Rat invasion warning as 10,000 tonnes of rubbish piles up in the streets

Paris has been warned of a potential rat invasion following the ongoing garbage collectors’ strike which has seen tons of rubbish piling up on the city’s streets.

Earlier this week, animal toxicologist and rat and invasive species specialist Romain Lasseur warned that the garbage collectors’ strike, which is now entering its third week and has seen some 10,000 tonnes of uncollected rubbish piled up on the streets of Paris, has led to a “change in the behavior of rats” in the city.

“They will walk in garbage cans, reproduce there, and leave their urine and excrement there. There is a worrying health risk for garbage collectors and the general population, especially with leptospirosis,” warned Lasseur.

The Paris police headquarters also sounded the alarm on the issue, saying in a statement on Friday: “The concentration of waste, particularly food, puts the population at risk, poses a public health problem and promotes the proliferation rats, vectors of diseases. ”

PARIS, FRANCE – MARCH 17: Bins overflowing with rubbish on the streets as garbage collectors continue their strike in Paris, France on March 17, 2023. Garbage collectors have joined massive strikes across France against reform plans retirements. (Photo by Mustafa Yalcin/Anadolu Agency via Getty Images)

According to some estimates, there are up to six million rats living in Paris, about three times the human population residing in the so-called City of Love.

“It’s awful,” said a local bakery saleswoman. “Do you realize if pests get into a pastry, what will it do?”

Paris’ growing rat problem has also burst into pop culture, with French satirical songwriter Pierre Perret releasing a song on Friday denouncing the miserable state the city has been reduced to, singing: “A Paris, Paris disgusting, only rats are happy”, “Poor Paris, ugly Paris, what a state they put you in.”

However, the rats apparently also have their defenders, with the organization Paris Animals Zoopolis (PAZ) organizing a demonstration on Saturday to denounce the “cruel” killing of what they described as “sensitive, intelligent, playful and empathetic beings”.

“Rats are empathetic animals eager to help their fellow creatures in distress, even when they should not benefit from it,” the group said. “As soon as we talk about rats, we hear everything and anything. No, rats are not responsible for all ills in France.

Members of the Paris Animals Zoopolis (PAZ) association hold signs during a rally to call for the protection of liminal animals (rats, pigeons), in Paris on March 18, 2023. (Photo by Bertrand GUAY / AFP) ( Photo by BERTRAND GUAY /AFP via Getty Images)

Members of the Paris Animals Zoopolis (PAZ) association hold signs during a rally to call for the protection of liminal animals (rats, pigeons), in Paris on March 18, 2023. (Photo by BERTRAND GUAY/AFP via Getty Pictures)

The garbage collectors’ strike, which came in response to President Emmanuel Macron’s attempts to raise the retirement age from 62 to 64, has also fueled violent protests in Paris and other cities across France since Thursday.

Left-wing radicals and protest agitators have begun using the garbage heaps to light makeshift bonfires across the city.
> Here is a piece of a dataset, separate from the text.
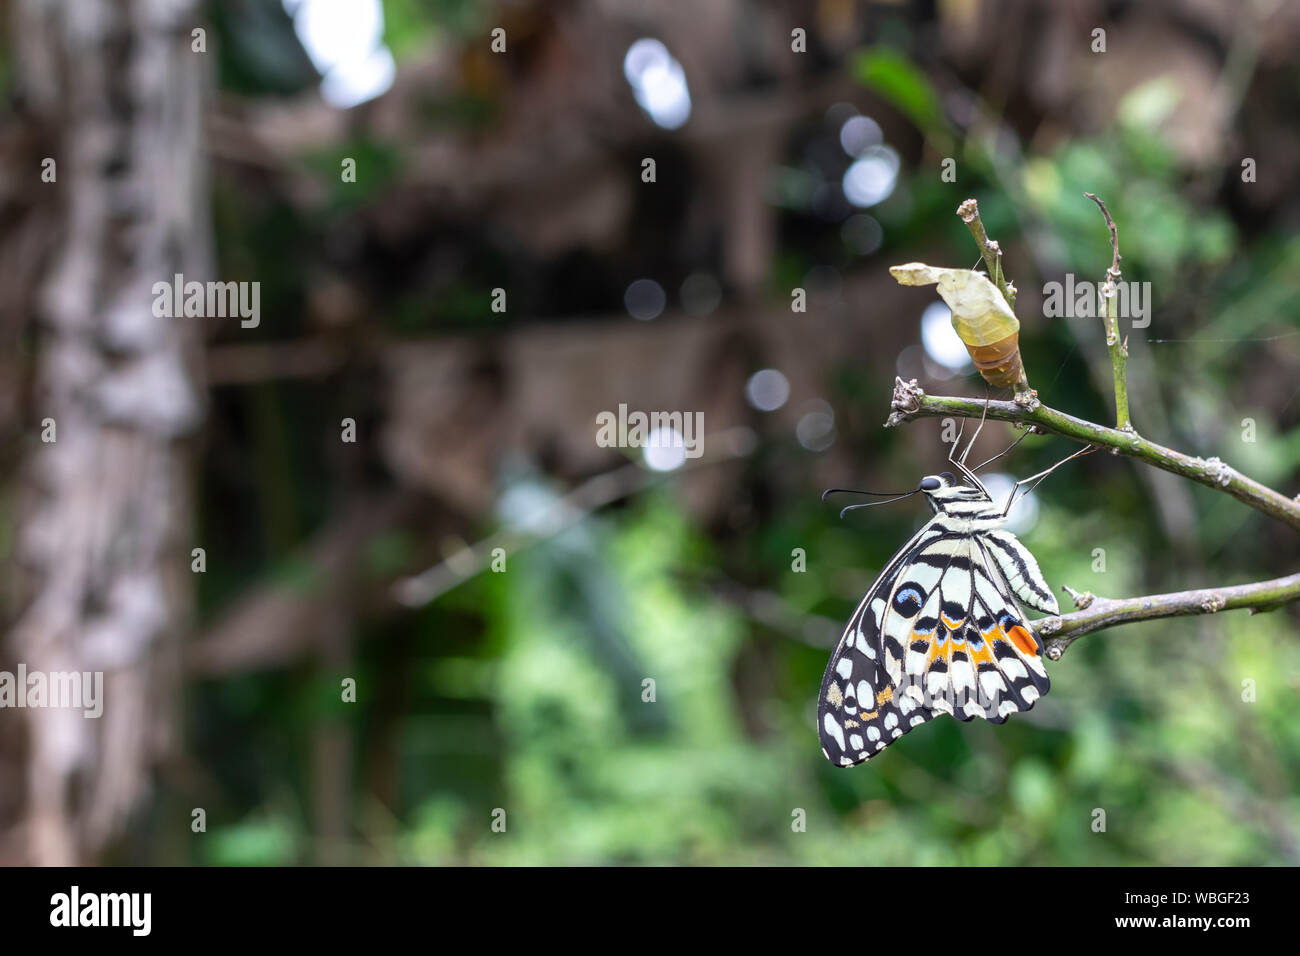 Bella di lime o di limone butterfly lasciando il suo bozzolo nella natura. Foto Stock

While the strike has greatly exacerbated the problem, socialist mayor Anne Hidalgo has long been criticized for her government’s inability or unwillingness to keep the streets of Paris clean.

Last year, for example, a viral social media hashtag “#saccageparis”, which translates to “Paris ransacked”, emerged as locals posted photos of trash piling up in the famous tourist destination.

Rather than take responsibility, the socialist mayor blamed the “extreme right” for spreading the hashtag.